See the complete in the attachment. From the backtrace and looking at the code, I suspect the following happens:

1. Draft's move_object queues a Draft.move command: https://github.com/FreeCAD/FreeCAD/blob ... #L266-L287
2. The GUI tracker adds a delayed call to _removeSwitch using ToDo.delay, which creates a QT timer to process all queued ToDo items later: https://github.com/FreeCAD/FreeCAD/blob ... ers.py#L85 and https://github.com/FreeCAD/FreeCAD/blob ... do.py#L232
2. The actual Draft.move call also gets delayed using ToDo.delayCommit, which creates a *second* QT timer to process all queued ToDo items later:
https://github.com/FreeCAD/FreeCAD/blob ... al.py#L194 and https://github.com/FreeCAD/FreeCAD/blob ... do.py#L261
3. The first QT timer fires and through doCommand the move is executed
4. The move takes a while, so the GUI keeps a progress bar and updates it.
5. When the move takes > 100ms, the progress bar runs QT's processEvents to keep the GUI responsive: https://github.com/FreeCAD/FreeCAD/blob ... r.cpp#L277
6. This triggers the second QT timer, which starts the Draft.Move a second time.
7. Both moves create a App::ExpressionParser::ExpressionImporter instance, but that is intended to be instantiated only once at any time, so this raises an assertion failure.

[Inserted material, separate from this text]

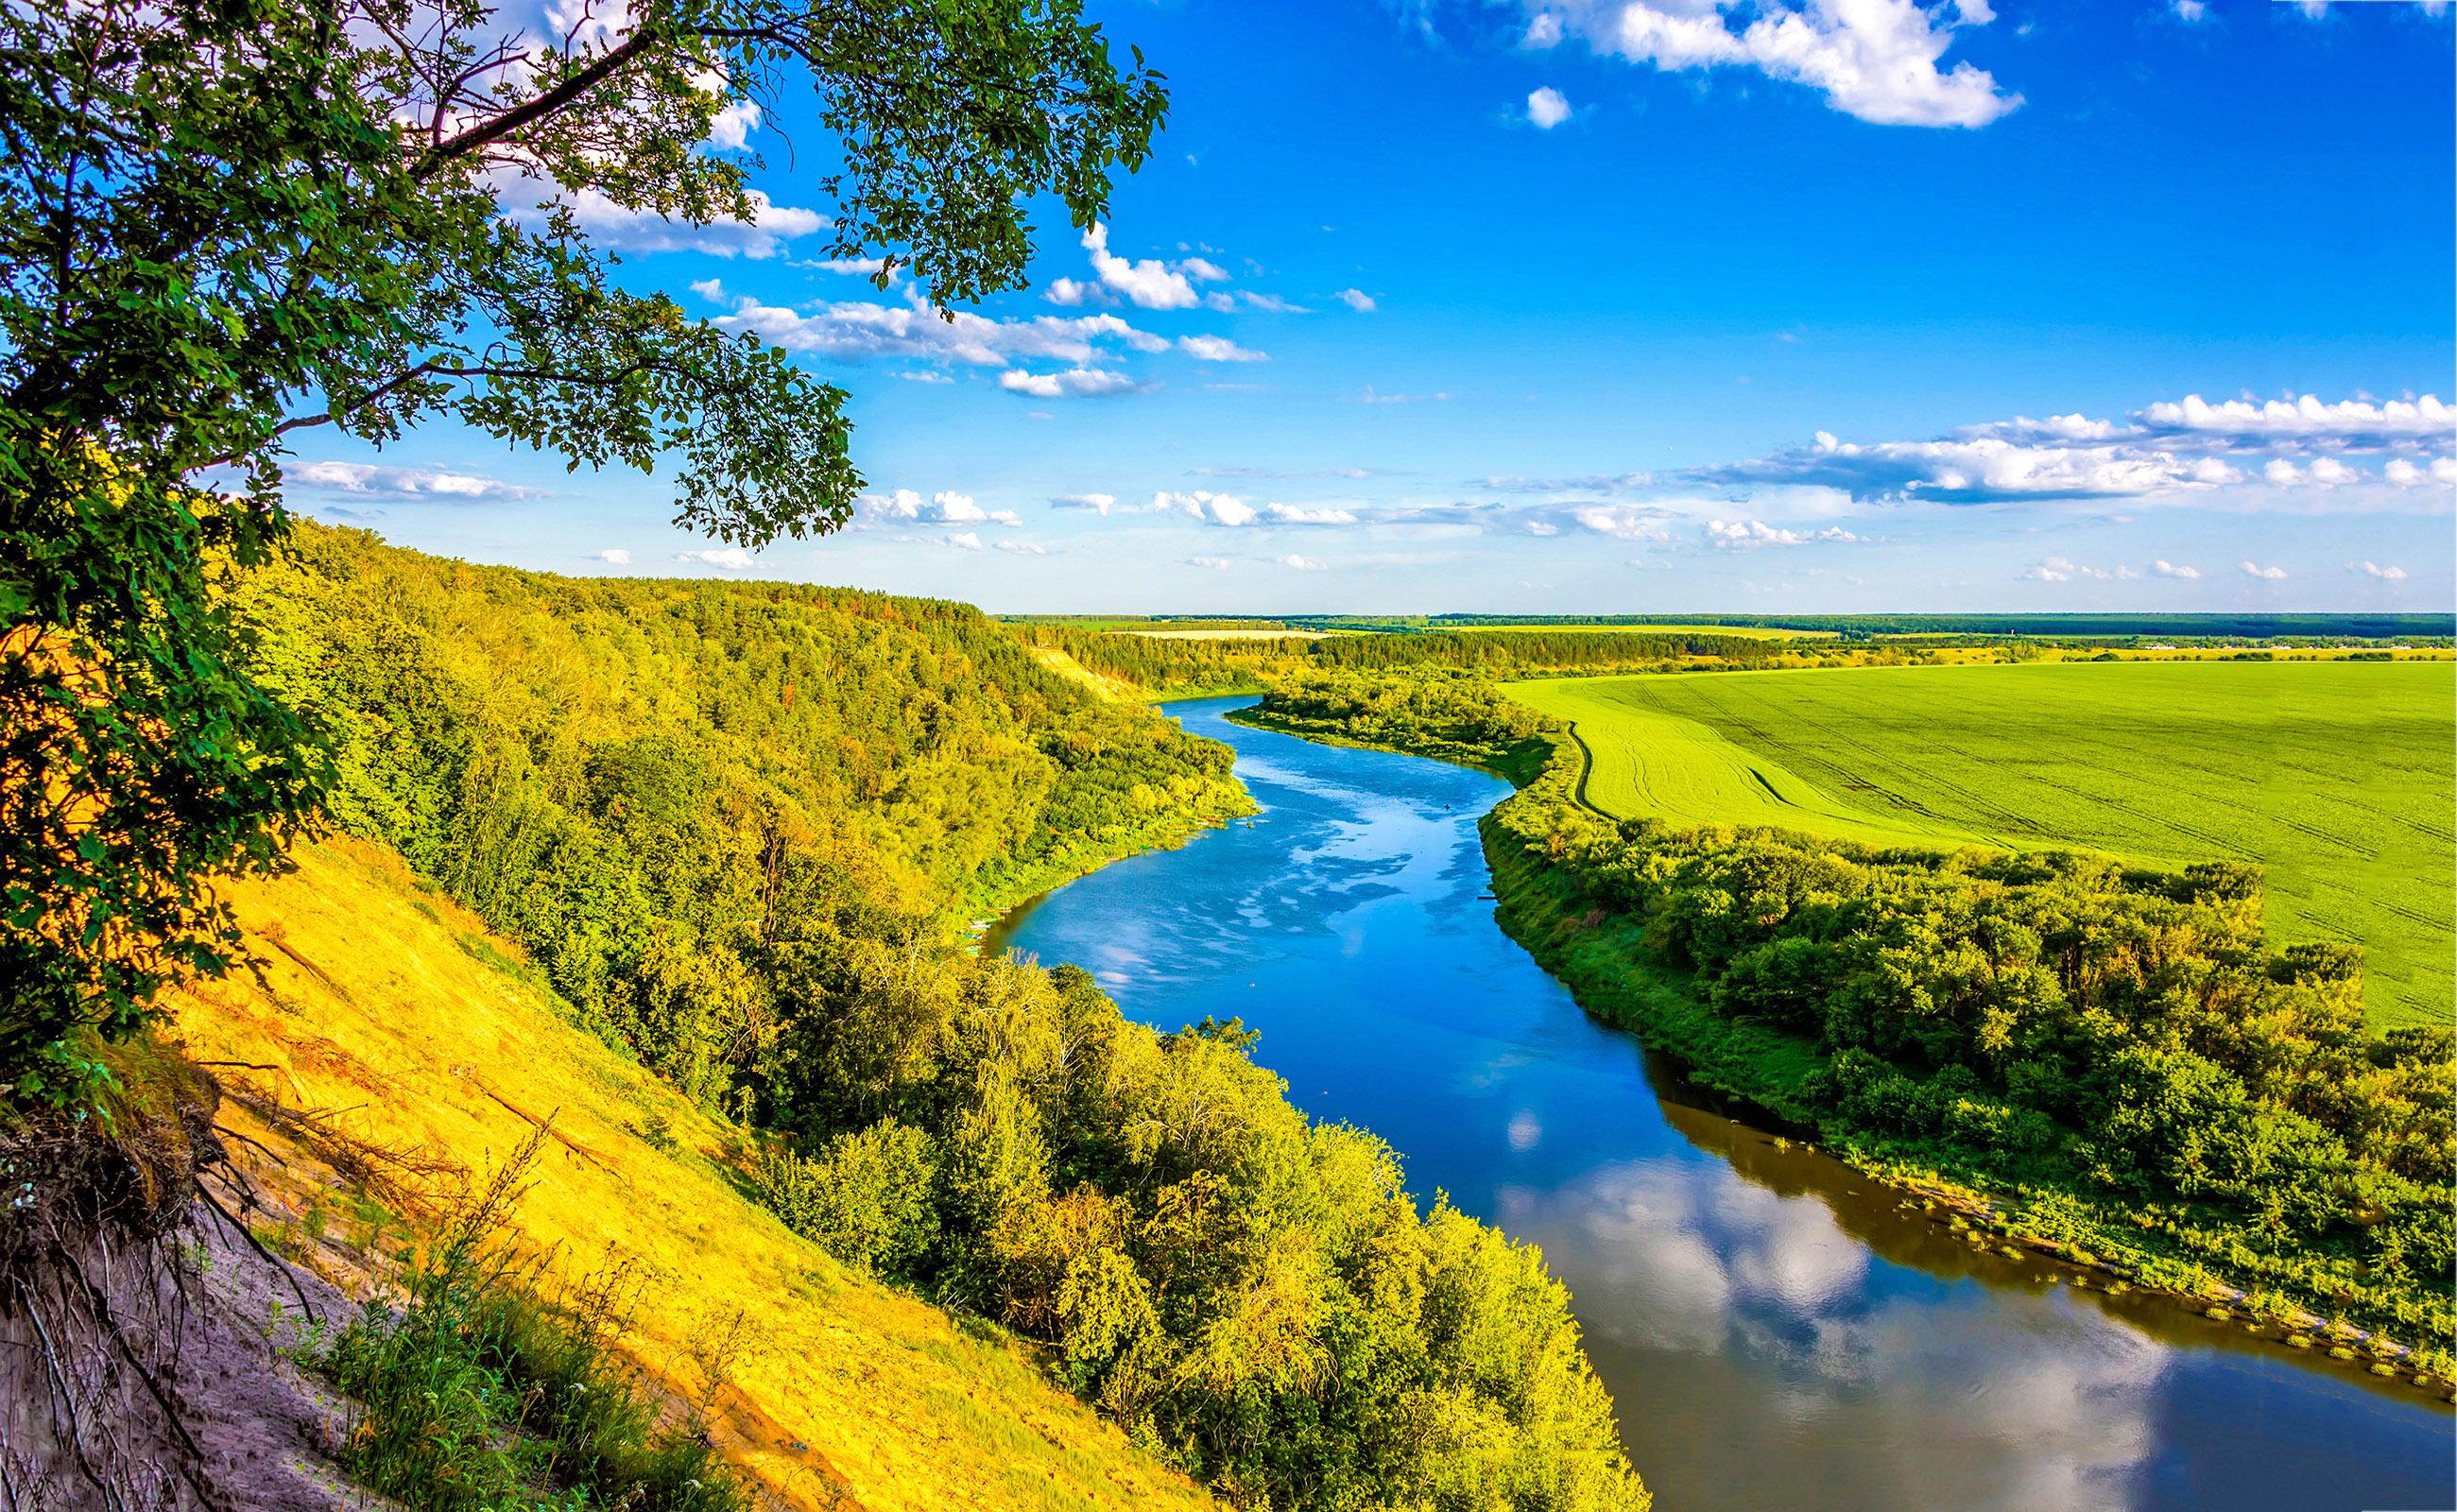 Paisagem do Summer Green Valley River1-editado

To trigger this bug, you need to have a queued draft operation that takes sufficiently long for the 100ms processEvents call to trigger, which is why it does not seem to trigger on a simple door, but does trigger on this door with a more complicated sketch (with a bunch of constraints that seem to need a while to settle).

I originally thought that the same timer might be firing twice and this was a QT bug, but I noticed that the "receiver" arguments in the backtrace were different, so with some debug output I verified that indeed two timers were created.

So the actual cause of this bug is in the ToDo class: There are three places that can add a timer (delay, delayCommit and delayAfter) and delay and delayAfter do try to not add a second timer, but only check their own queue (so delay won't add a second timer, but delay *and* delayAfter can both add their own timer, and delayCommit can add any number of duplicate timers). And since the handler for all these timers processes *all* queued events and also does not clear the list of queued events until all events have completed, this allows multiple timers to be scheduled simultaneously, and allows a single queued command to be ran twice.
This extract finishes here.